France has launched a blistering attack on the head of Titan International, Maurice Taylor, as the increasingly bitter war of words surrounding the CEO's apparently inflammatory comments shows no sign of abating.

A letter sent by Taylor to French Economics Redevelopment Minister, Arnaud Montebourg, in which he appears to lambast the attitude of the country's workforce, following Titan's withdrawal from any Goodyear Amiens Nord bid, has provoked cold fury from Paris, which denounced the CEO's views as showing "a perfect ignorance of our country."

Taylor was not immediately available for comment when just-auto attempted to contact him in Florida, but overnight reports in France indicate the chief executive is maintaining the letter was not made public by him.

That has not stopped Montebourg from issuing a furious riposte however, in his own letter addressed to Taylor, in which the Minister notes US companies are the largest overseas investors in France, with some 4,200 operating.

"Your extreme, as well as insulting, remarks demonstrate a perfect ignorance of what our country is about, such as its global attraction and links with the US," said Montebourg. "But above all, as much as your disparaging and ridiculous suggestions, these business know and appreciate the French workforce, its commitment and talent.

"Can I remind you that Titan, the business you run, is 20 times smaller than Michelin, our international technological leader and 35 times less profitable.

"France is proud to welcome American investment [and] our two countries are linked by an ancient and passionate friendship. We French will never forget the sacrifice of young American soldiers on the beaches of Normandy to liberate us from Nazism in 1944."

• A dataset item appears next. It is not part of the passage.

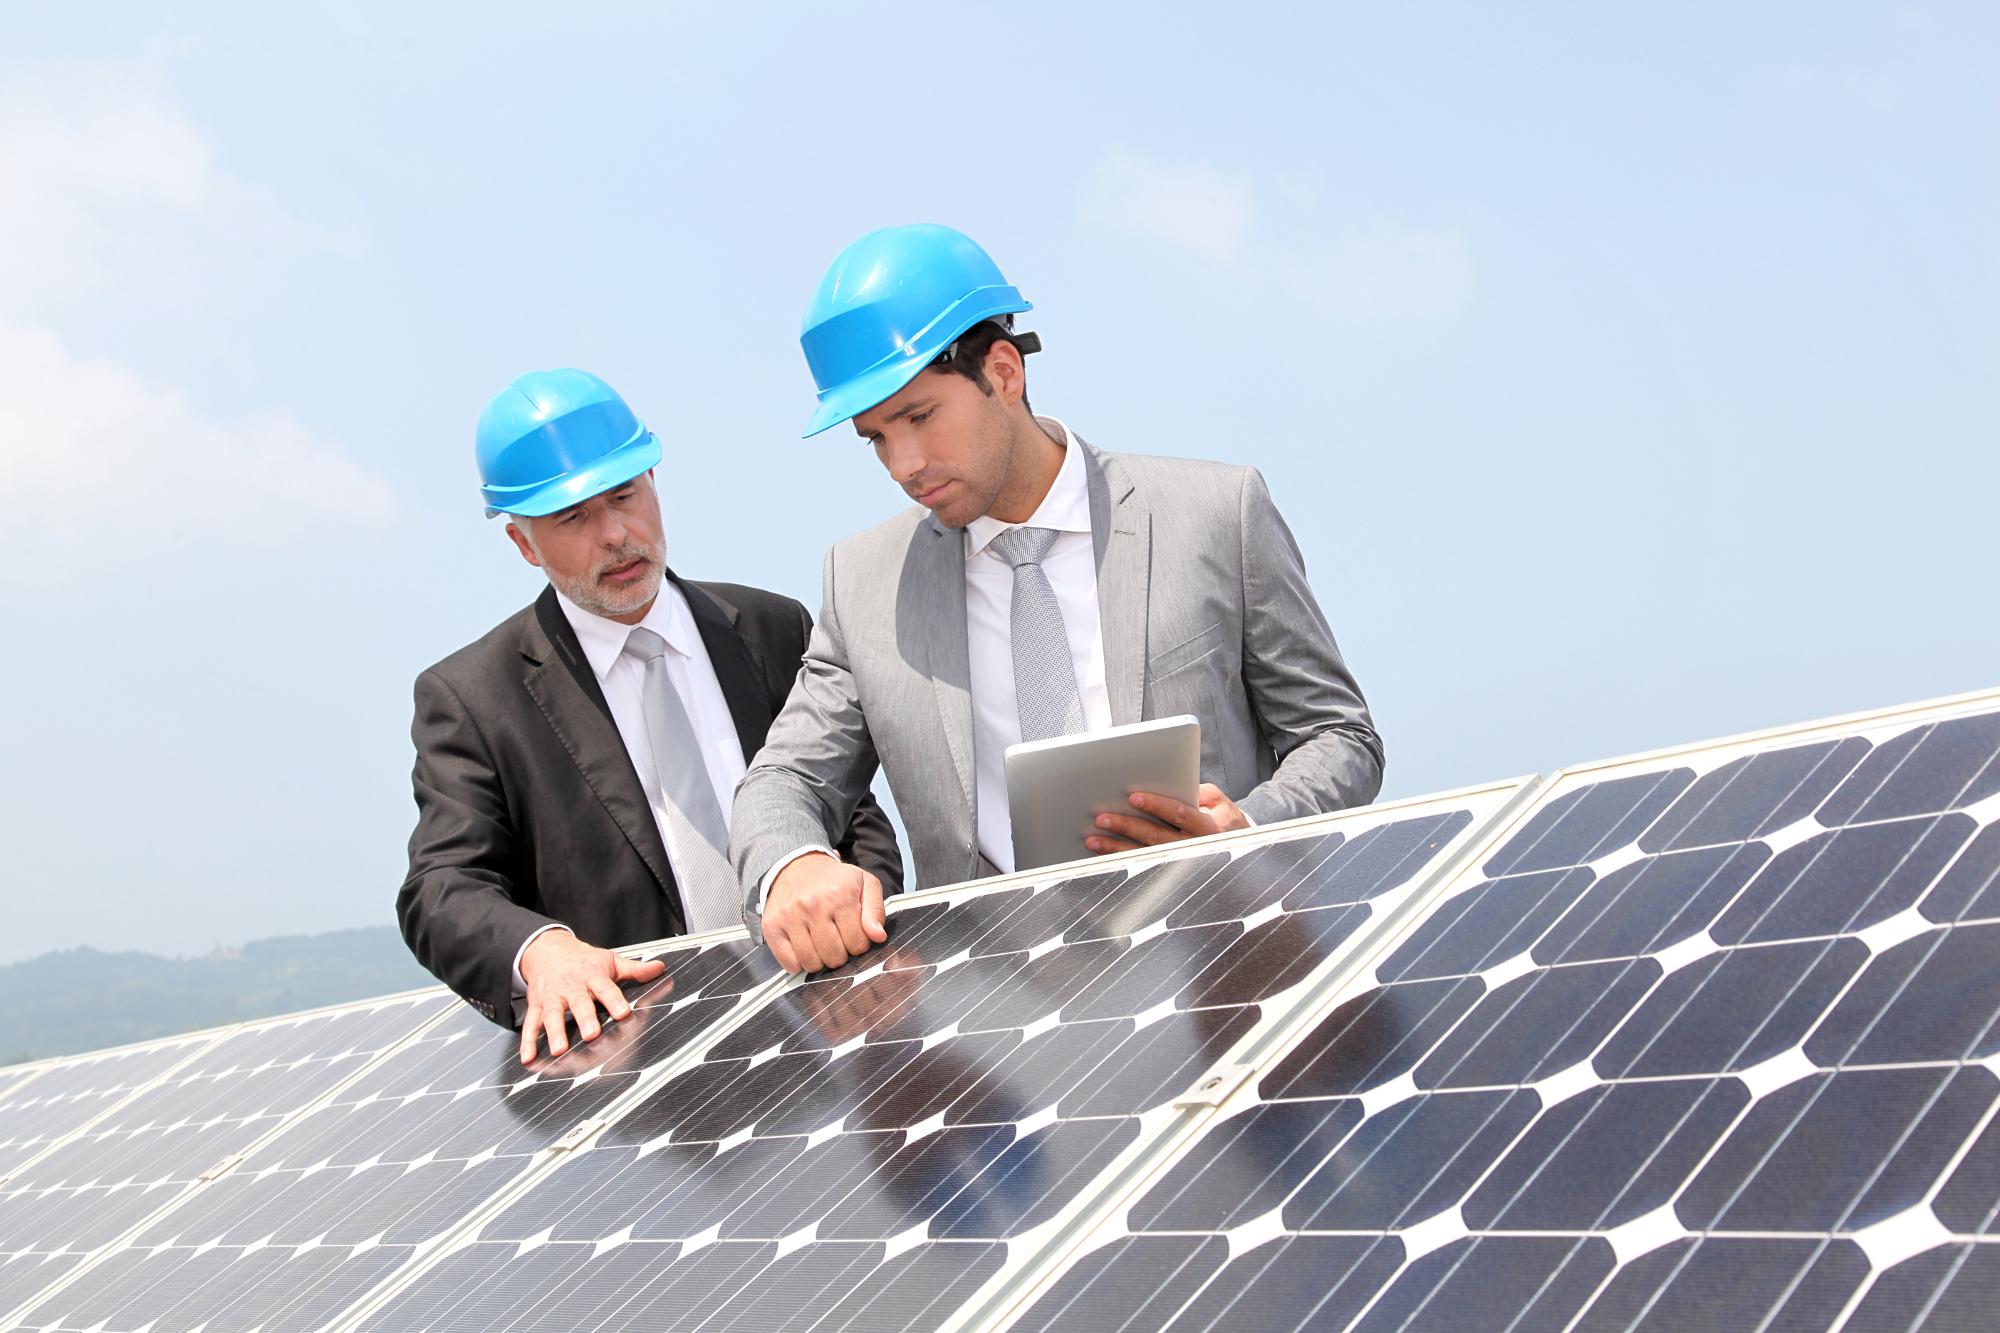 solaranlagen-am-gartenhaus-maenner-am-solarpanel

A spokeswoman for the Economics Minister in Paris told just-auto Taylor's letter made reference to using Indian workers and paying them EUR1 (US$1.32) per hour, but Montebourg specifically warned against so-called 'dumping' techniques.

"You raise your intention to exploit workers in certain countries to flood our markets," said the Minister. "I have to tell you this short term, reprehensible calculation will come up, sooner or later, against a justifiable reaction.

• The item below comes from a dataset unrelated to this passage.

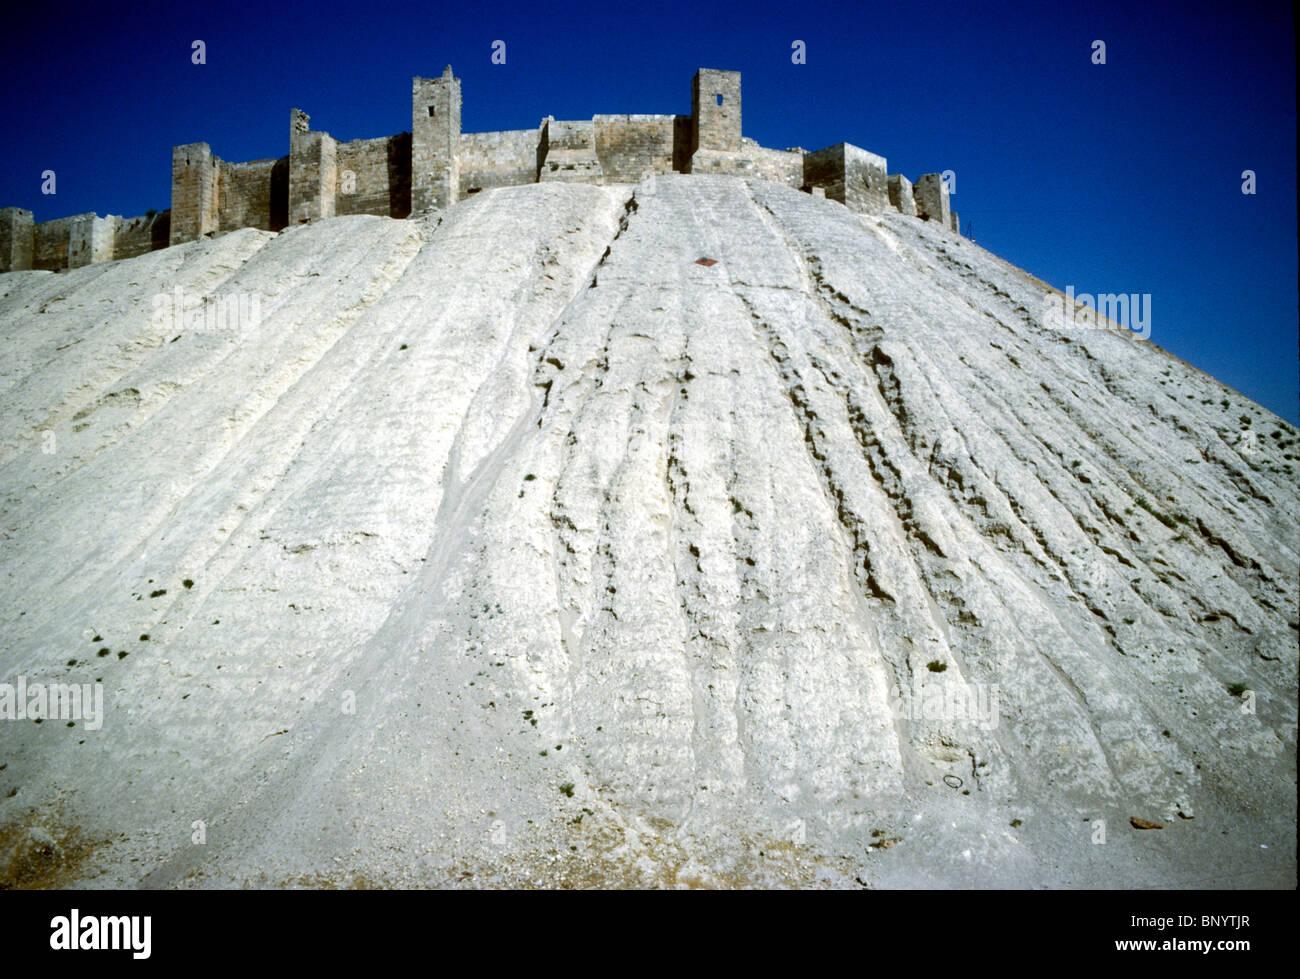 Blick auf die alte Zitadelle in Aleppo, Syrien Stockbild

"Such is the case already that France and its allies are organising themselves against dumping. In the meantime, rest assured, I will be looking with redoubled zeal at your imported tyres."

Goodyear plans to close its Amiens Nord factory in France with the potential loss of almost 1,200 jobs, a move that has incensed unions, notably the hardline CGT labour body, with the French government asking its Agence Francaise des Investissements Internationaux to seek a buyer.

For its part the CGT, which claims to represent 80% of the Goodyear Amiens Nord workforce, has denounced Taylor's comments as "an insult, not only to workers [but to] democracy," representing what the union maintains is the state of mind of multinationals.

"If there were still any naive people with regard to the attitude of multinational directors, we have the confirmation by letter of what they are thinking," said CGT secretary-general, Bernard Thibault.